1. Dual-mode two-pole filter consisting of a resonator for two dipole modes, each with a dielectric, which is arranged on at least one high-temperature superconductor film, with a shielding housing, which is arranged above the high-temperature superconductor film and encloses the dielectric , and with a coupling device for coupling the dipole modes, characterized in that the dielectric (3) is hemispherical.

2. Dual-mode two-pole filter according to claim 1, characterized in that the coupling device has two coupling elements (9), and that in the at least one high-temperature superconductor film (5) holes (11) for receiving a respective coupling element (9) are trained.

3. Dual-mode two-pole filter according to claim 1 or 2, characterized in that in the least a high-temperature superconductor film (5) or in the shielding housing (7) dielectric rods (13, 15) are arranged for matching the resonance frequency of the dipole modes .

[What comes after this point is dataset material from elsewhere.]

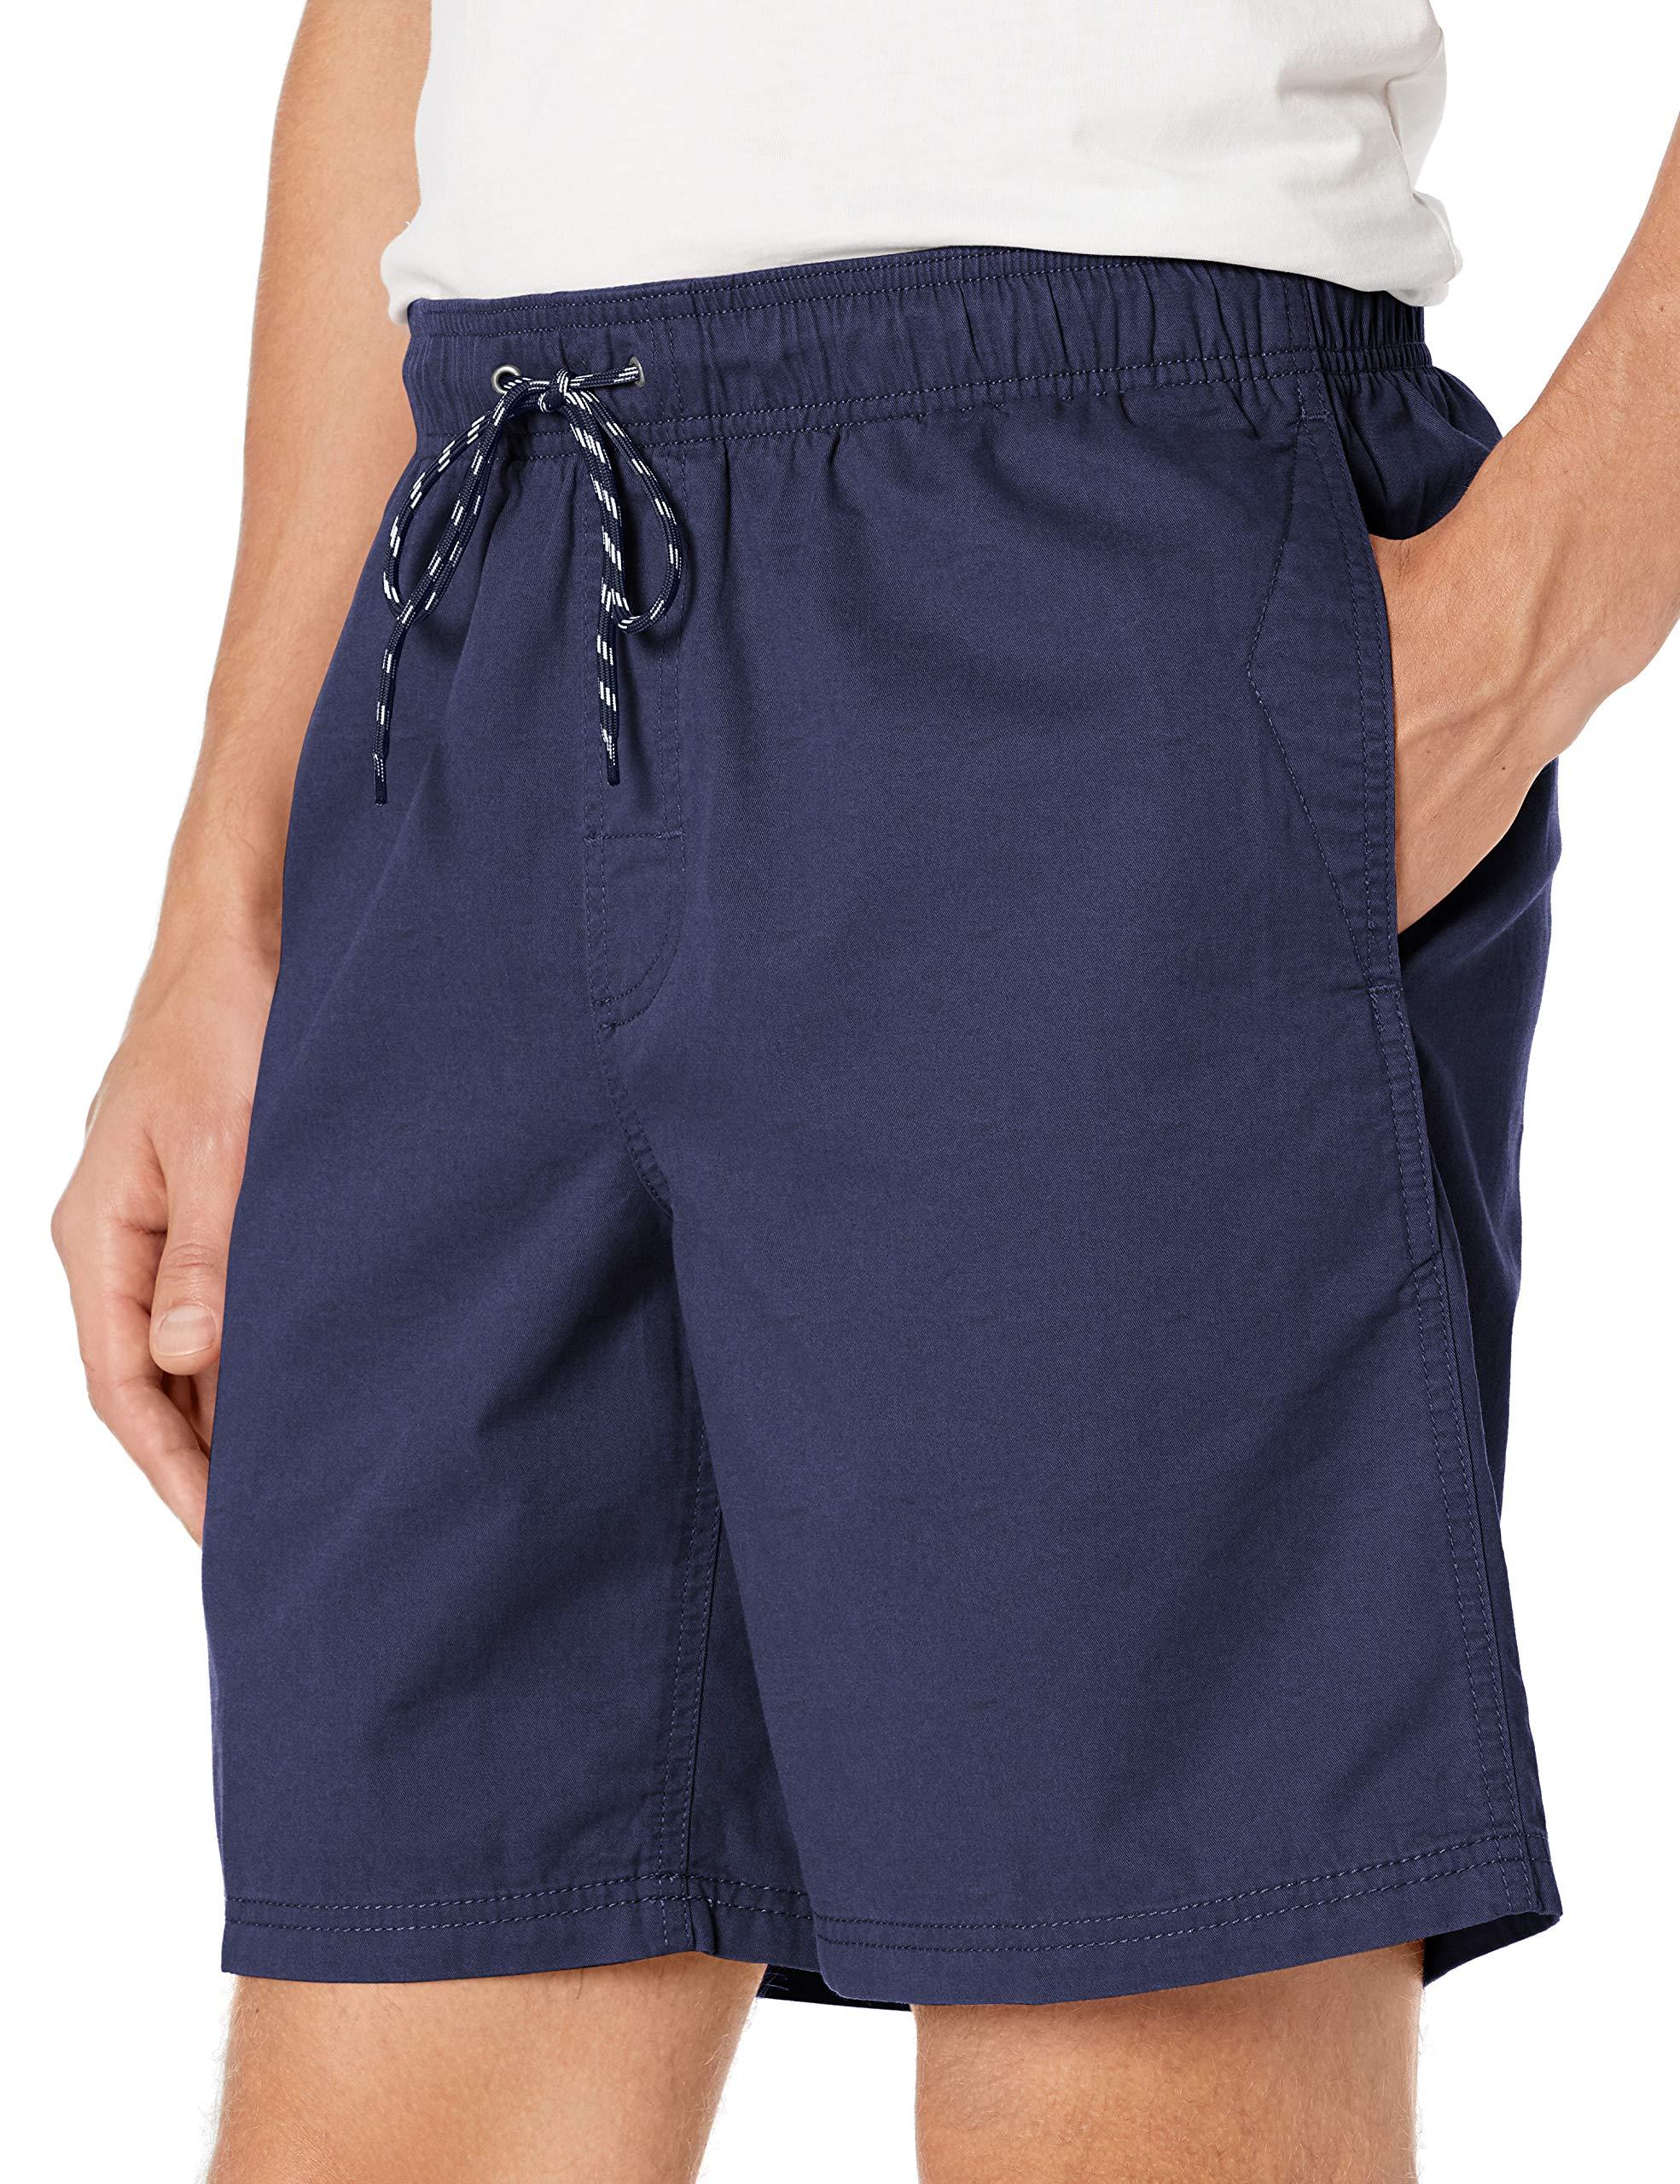 Amazon Essentials Men's Drawstring Walk Short

4. Dual-mode two-pole filter according to claim 3, characterized in that the dielectric rods (13, 15) opposite the coupling elements (9) in one plane and are longitudinally adjustable.

5. Dual-mode two-pole filter according to one of claims 1-4, characterized in that in the at least one high-temperature superconductor film (5) or in the shielding housing (7), a dielectric rod (15) is arranged to adjust the coupling between the dipole modes.

6. Dual-mode two-pole filter according to one of the preceding s claims, characterized in that the dielectric (3) is made of La A10 ₃ .

7. Dual-mode two-pole filter according to one of the preceding o claims, characterized in that the shielding housing (7) consists of a highly conductive metal.

s 8. Dual-mode two-pole filter according to one of the preceding claims, characterized in that the dielectric rods (13, 15) are made of sapphire.

0 9. Dual-mode two-pole filter according to one of claims 2-8, characterized in that the coupling elements (9) are linear coaxial antennas.

10. Dual-mode two-pole filter according to one of claims 2-8, 5 characterized in that the coupling elements (9) are coaxial loops.

11. Multi-pole dual-mode filter characterized by 0 at least two dual-mode two-pole filters (1, 1) according to one of claims 1 to 10.

12. Multi-pole dual-mode filter according to claim 11, characterized in 5 that hemispherical dielectrics (3) are arranged side by side.

13. Multi-pole dual-mode filter according to claim 11 or 12, characterized in that the distance between the at least two hemispherical dielectrics (3) defines the coupling between the two resonators (1, 1).